[WORK ITEM] The task calls for each record to be given again exactly.

BEGIN EXCERPTED RECORDS

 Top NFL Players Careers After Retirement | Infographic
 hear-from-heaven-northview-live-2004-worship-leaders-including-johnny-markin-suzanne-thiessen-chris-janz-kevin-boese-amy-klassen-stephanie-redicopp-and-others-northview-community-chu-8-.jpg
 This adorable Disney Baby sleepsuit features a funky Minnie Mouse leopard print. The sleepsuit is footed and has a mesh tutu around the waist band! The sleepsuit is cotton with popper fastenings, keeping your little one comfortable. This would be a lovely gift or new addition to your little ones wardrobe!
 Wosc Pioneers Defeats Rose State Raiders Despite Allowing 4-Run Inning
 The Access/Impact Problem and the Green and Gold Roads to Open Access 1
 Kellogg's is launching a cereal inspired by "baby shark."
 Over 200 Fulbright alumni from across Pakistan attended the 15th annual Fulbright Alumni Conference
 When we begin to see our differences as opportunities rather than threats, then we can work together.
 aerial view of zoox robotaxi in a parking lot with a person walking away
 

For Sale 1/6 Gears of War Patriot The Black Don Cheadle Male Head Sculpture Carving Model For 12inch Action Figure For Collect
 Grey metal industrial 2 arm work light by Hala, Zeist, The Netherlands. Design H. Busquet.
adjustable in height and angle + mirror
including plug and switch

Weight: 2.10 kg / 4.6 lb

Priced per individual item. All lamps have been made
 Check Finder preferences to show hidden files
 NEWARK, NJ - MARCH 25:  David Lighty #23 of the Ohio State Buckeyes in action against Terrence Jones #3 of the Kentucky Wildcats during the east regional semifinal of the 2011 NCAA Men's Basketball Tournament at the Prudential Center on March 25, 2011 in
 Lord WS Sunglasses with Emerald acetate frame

END EXCERPTED RECORDS

[COMPLETED TASK]
 Top NFL Players Careers After Retirement | Infographic
 hear-from-heaven-northview-live-2004-worship-leaders-including-johnny-markin-suzanne-thiessen-chris-janz-kevin-boese-amy-klassen-stephanie-redicopp-and-others-northview-community-chu-8-.jpg
 This adorable Disney Baby sleepsuit features a funky Minnie Mouse leopard print. The sleepsuit is footed and has a mesh tutu around the waist band! The sleepsuit is cotton with popper fastenings, keeping your little one comfortable. This would be a lovely gift or new addition to your little ones wardrobe!
 Wosc Pioneers Defeats Rose State Raiders Despite Allowing 4-Run Inning
 The Access/Impact Problem and the Green and Gold Roads to Open Access 1
 Kellogg's is launching a cereal inspired by "baby shark."
 Over 200 Fulbright alumni from across Pakistan attended the 15th annual Fulbright Alumni Conference
 When we begin to see our differences as opportunities rather than threats, then we can work together.
 aerial view of zoox robotaxi in a parking lot with a person walking away
 

For Sale 1/6 Gears of War Patriot The Black Don Cheadle Male Head Sculpture Carving Model For 12inch Action Figure For Collect
 Grey metal industrial 2 arm work light by Hala, Zeist, The Netherlands. Design H. Busquet.
adjustable in height and angle + mirror
including plug and switch

Weight: 2.10 kg / 4.6 lb

Priced per individual item. All lamps have been made
 Check Finder preferences to show hidden files
 NEWARK, NJ - MARCH 25:  David Lighty #23 of the Ohio State Buckeyes in action against Terrence Jones #3 of the Kentucky Wildcats during the east regional semifinal of the 2011 NCAA Men's Basketball Tournament at the Prudential Center on March 25, 2011 in
 Lord WS Sunglasses with Emerald acetate frame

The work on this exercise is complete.